Sunday, December 7, 2014

Schreber

227. First thoughts on Schreber
It is strange to travel from a no-nonsense world in a sense very different from the idea of ‘non-nonsense’ back in a far more populated and ‘modern’ town. The 'sensible' concerns in [this town] seem nothing more than rabid, phantom-like cancers of the spirit. Once a man has experienced the possibilities of great freedom in the wilderness of Alaska (or the wilderness of Argentina or Chile), he cannot but dive into what many would call a world of fantasy—but here is the rub for those of this developed, modern matrix: the world of fantasy your wild man seeks as his escape, is not a world of delusion, but a real place, a real environment in which he once lived. His insanity, as you call it, his delusion, his paranoia, is that his earth, and the men and women who once populated it, have died, have all died in the worst of holocausts.
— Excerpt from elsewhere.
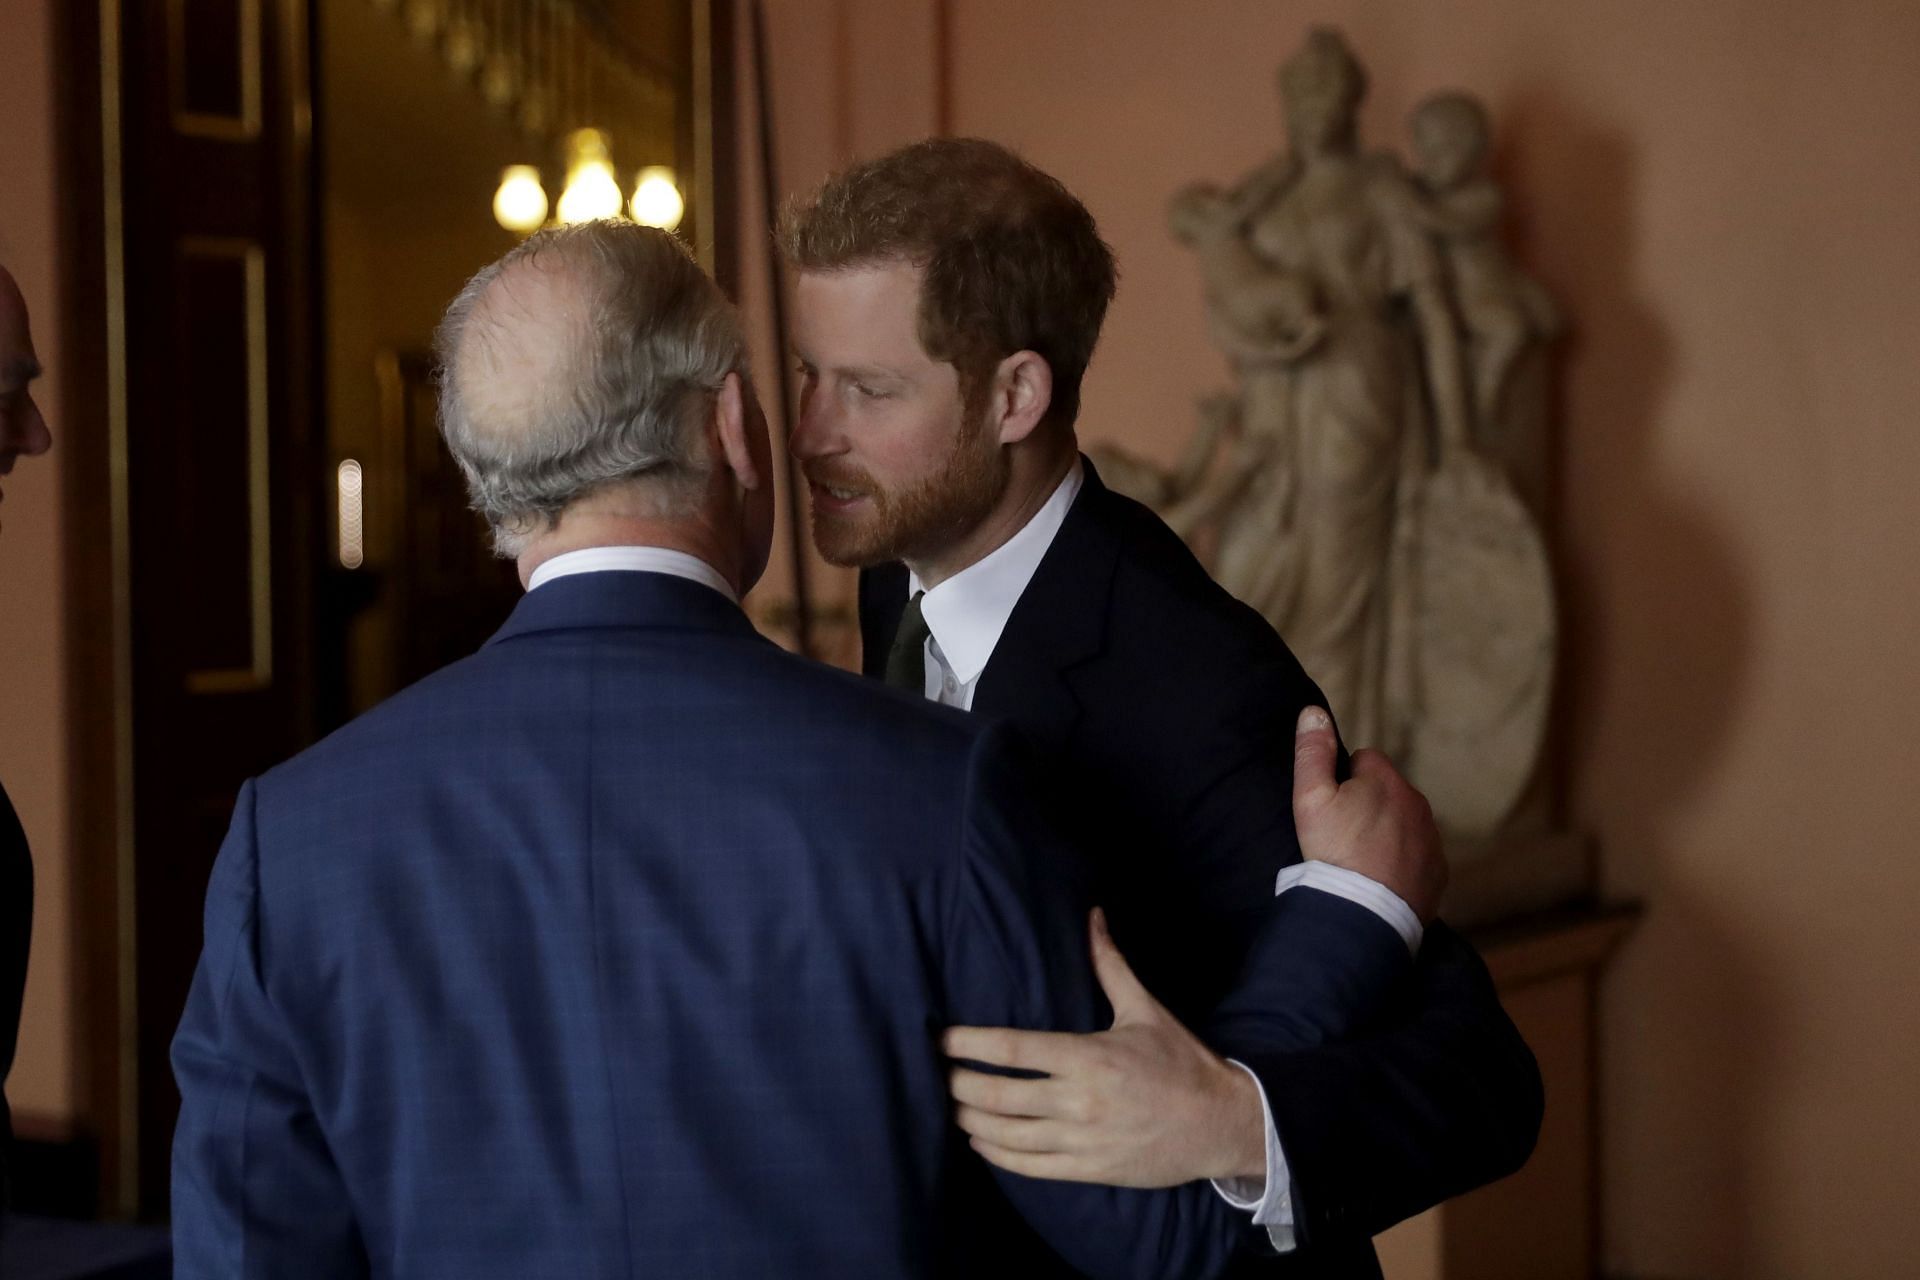 Prince Harry with King Charles in 2018 (Image via Getty/Matt Dunham)

He screams back to a world that is alive and well, yet his screams fall to the ears of prisoners, of a type of man beaten, abused, manufactured, neutered, castrated of spirit, heart, soul, feeling, freedom, love, village, and autonomy. These western cities are a nightmare for such a man—yet when will the sun rise to make this bad vision end? This is all he is asking--but the walking dead can do nothing but ascribe insanity to such a man.

The shock of his transfer to the environment is so intense, bewildering, disorienting, and confusing—he sees this 'very normal,' operating reality as his worst nightmare, as the apocalypse of man.

Everything worked out fine in his previous life. He walked out to the lake with K and the family and they threw stones. They drank beer and they shot guns in the woods. They chopped wood and fried fish late into the nights and slept until noon. K would speak for hours about land, about how to build a home and stay warm, about working hard and getting a man’s roots planted. He knew these things because he had done it himself, was living in the very home he built, had lived on his land for 19 years.“These hills,” he told me, “are my last but they are mine. They will be were I am buried.”

Yet I read about the “delusions” that Schreber had and that are apparently characteristic of schizophrenia and it is clear to me that these so-called mental illnesses are products of the human spirit’s resistance against high-modernist schema—we lose the exploration, we lose our freedom, we lose the thrill of escape and wander, we lose our experience of the lake, the stars, the sky, the snow, the great mystery of our ascending and descending the mountains, of our deep and ecstatic love of others, of the real risk of our death or what we might better describe as our becoming one with a great and vast and eternal nature, a great and final release that may well be just the beginning. Indeed, our primitive past was a utopia, plain and simple, but what cruelty have been these modern times: for not only do these times seek to annihilate a past which was man’s great freedom and paradise, but it has attempted to cauterize man’s very spiritual tie to this past in such a way that a man must have a complete rebirth to enter into, once again, such a mystic, such a limitless, such a free world.

No-nonsense, back in the woods, in Alaska, meant none of the bullshit of the city and any of its mental illness. Yet everything we do here outside of your matrix, our values, our lives, our pursuits, our desire for privacy and seclusion, our desire to be left alone from the machine that eats both the wilderness and the free spirit of man—everything we do away from you people and your nightmare of a civilization has no value because it has no place in your scheme of legibility, coersion, and control, because it is a sphere of freedom that will never willingly be relinquished, because men of death and darkness burn in the presence of light, burn in the energy of free men, are deafened by the laughter of wind.